Anyway, I think, that it explains quite nicely anomalous rating data
collected from FIBS. Article answers to question: how much does
better player get advantage from the cube? It explains also how the
rating system should be modified in order that it would work better
for different match lengths.
Best regards,
Matti Rinta-Nikkola
1. The ELO system
-----------------
Basic assumption in ELO rating system is that the rating distribution of
players will follow Gaussian distribution. The assumption leads to the
match winning probability formula:
1
P(D) = --------------------- , (1)
10**(-D*sqrt(S)/W) + 1
where D is the ELO difference
S=S(N) is opportunity for skill in the N point match
W is the class width
In ELO system the winner of the match will gain
(1-P)M*sqrt(S) (2)
points and the looser will lost the same amount.

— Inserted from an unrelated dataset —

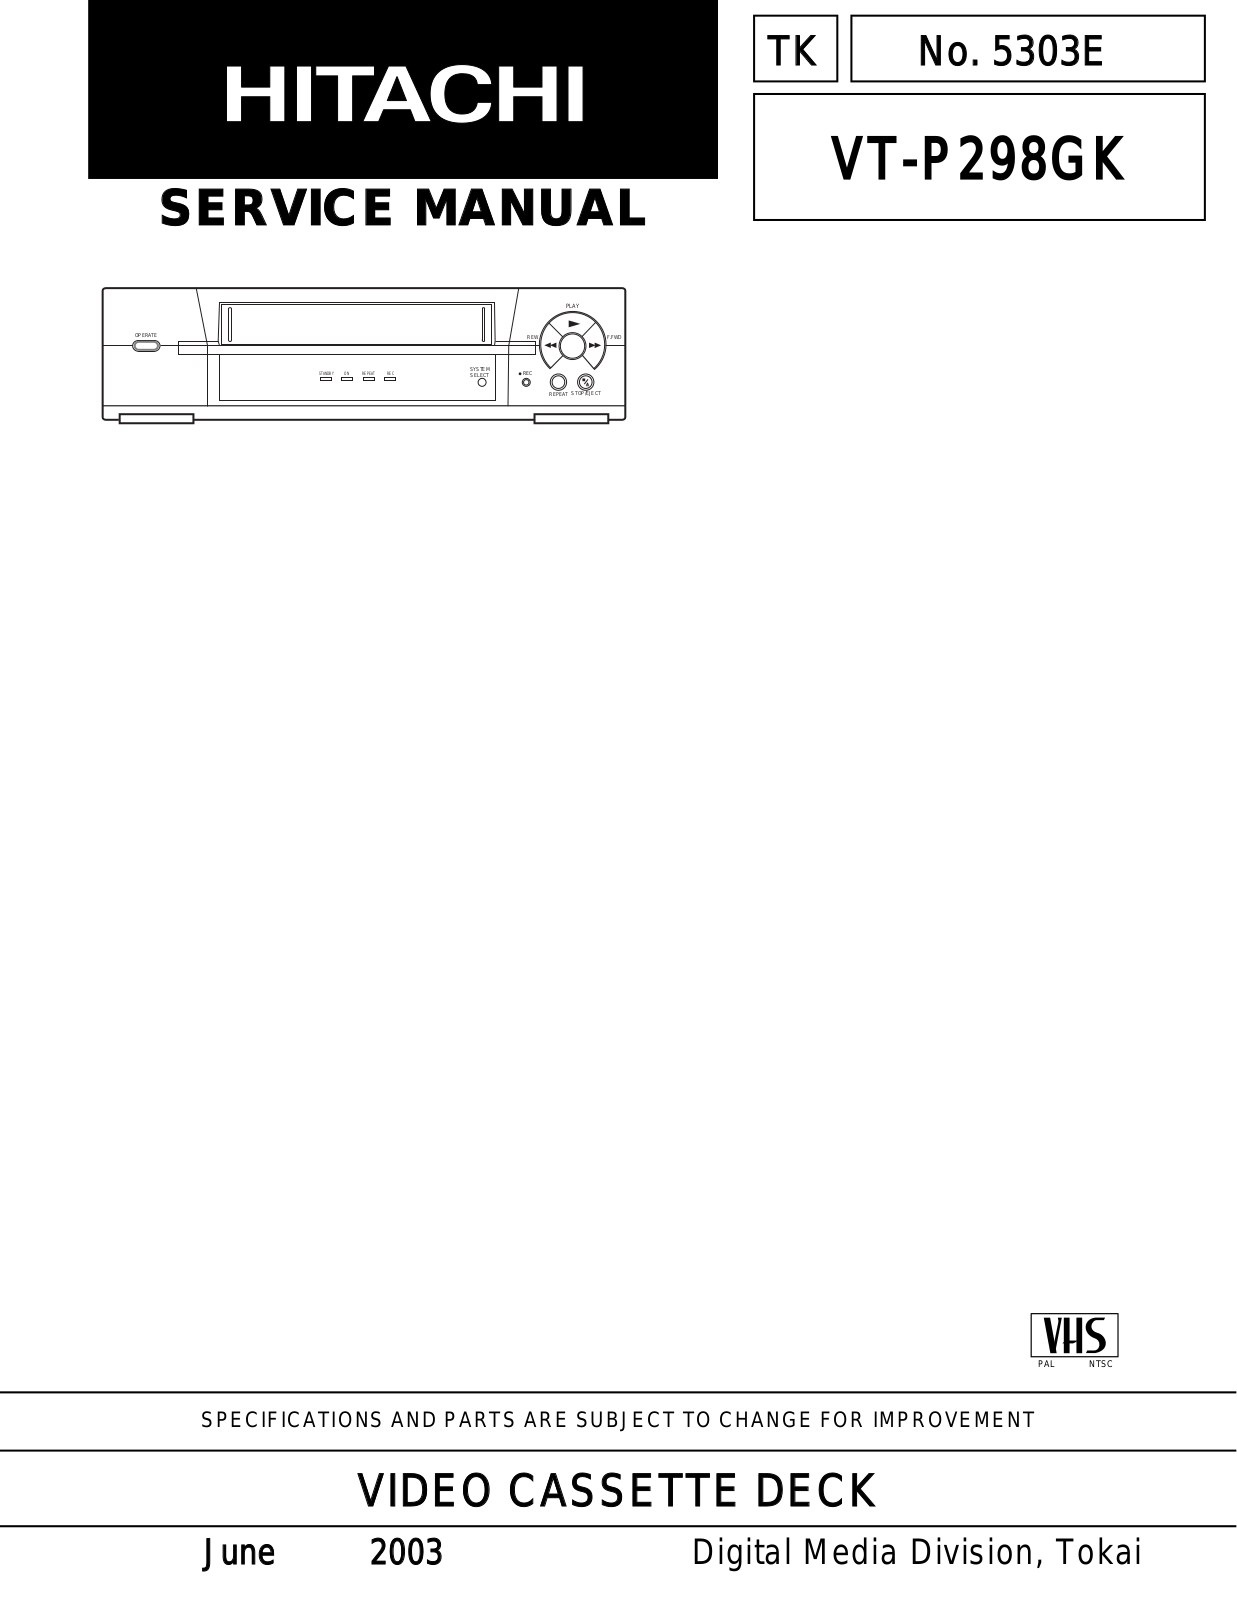 Hitachi vt-p298gk Service Manual

On rating system the class width W and the mean of the rating
distribution <ELO> can be set arbitrary. Backgammon servers (that I
know Netgammon, FIBS and Gamesgrid) have chosen class width W=2000,
<ELO> =1500 and constant M=5 (eq 2). Note the relationship between
constant M and class width W. If you desire to set lower (higher) value
for W you should also lower (higher) the value of M. Skill function
S(N) has been solved assuming that the game winner will always get 1
point (ref 1). That assumption leads to the function
S(N) = N. (3)
If we take account gammons and doubling cube it is shown that Skill
function has a form
N - 1
S(N) = 1 + C ----- ; N=1,3,5,7.... , (4)
2
where constant C should be solved using the match statistics of the
server (ref 2). We know that the value of C will be .8 < C < 2
(ref 3,4).
2. Determining Skill function constant
--------------------------------------
2.1 Continuos zero volatility game
----------------------------------
Constant C on eq(4) can be divided in two parts C=cp+ch, where cp
presents checker playing and ch cube handling skill. It has been shown
that cp=.84 (ref 3,4) while the part of the cube handling skill is still
more or less open question. Opportunity for skill could be equally
understood as possibility for error. One way to estimate ch is to
determine maximum "reasonable" cube handling error that players could do
and evaluate its effect to game result. In order to estimate ch we will
make following assumptions:
1) maximum cube handling error = cube is never used
2) backgammon game = continuos and zero volatility game
3) equity change is directly proportional to the skill
Two players with equal checker play skills but maximum diversity in cube
handling skills play money game. We will assume that perfect doubling
point is p=.75, where p is cubeless game winning probability, and that
doubles are always dropped (from zero volatility assumption it follows
that perfect doubles are equally correct to take or drop). Money game
equity can be written as a function of cubeless game winning probability
Eq(p) = 2.67p - 1, (5)
see figure 1. At the beginning of the game Eq(.5)=.33 i.e. maximum
advantage that player can obtain using cube. In order to win a game
equity change DEq=.67 has to be concurred by checker play. Using
assumption 3) we can write
cp
C = ---- = 1.3 ; assuming N >> 3.
.67
Notice small error on figure 1 and equation (5). Average win for the
player who does not use cube is bigger than one. Player who uses cube
does not get additional cubing advantage from the gammons because this
advantage is compensated by gammon wins of player who plays without
cube. Using different assumption for gammonless doubling point
.8> p >.75 Skill function constant varies 1.1< C <1.3. Doubling point
.8 corresponds alive cube and .75 corresponds dead cube. Average
doubling point (omitting gammons) is p=.78 (ref 5,6) which will give
C=1.2.
.75
--------------- 1
/
/
|/
-/- - .33
/|
-----/--------- 0
/
/
/
/
/ |
--------------- -1
0 .5 1
Figure 1. Money game equity as a function of cubeless game winning
probability.
2.2 Average number of games
---------------------------
Note that in Skill equation (4) opportunity for skill is expressed "1
point match skill" as unit. The complication determining constant C is
partly rising from the fact that N point match (N>1) there are elements
which are missing from one point match i.e. cube and gammon factor.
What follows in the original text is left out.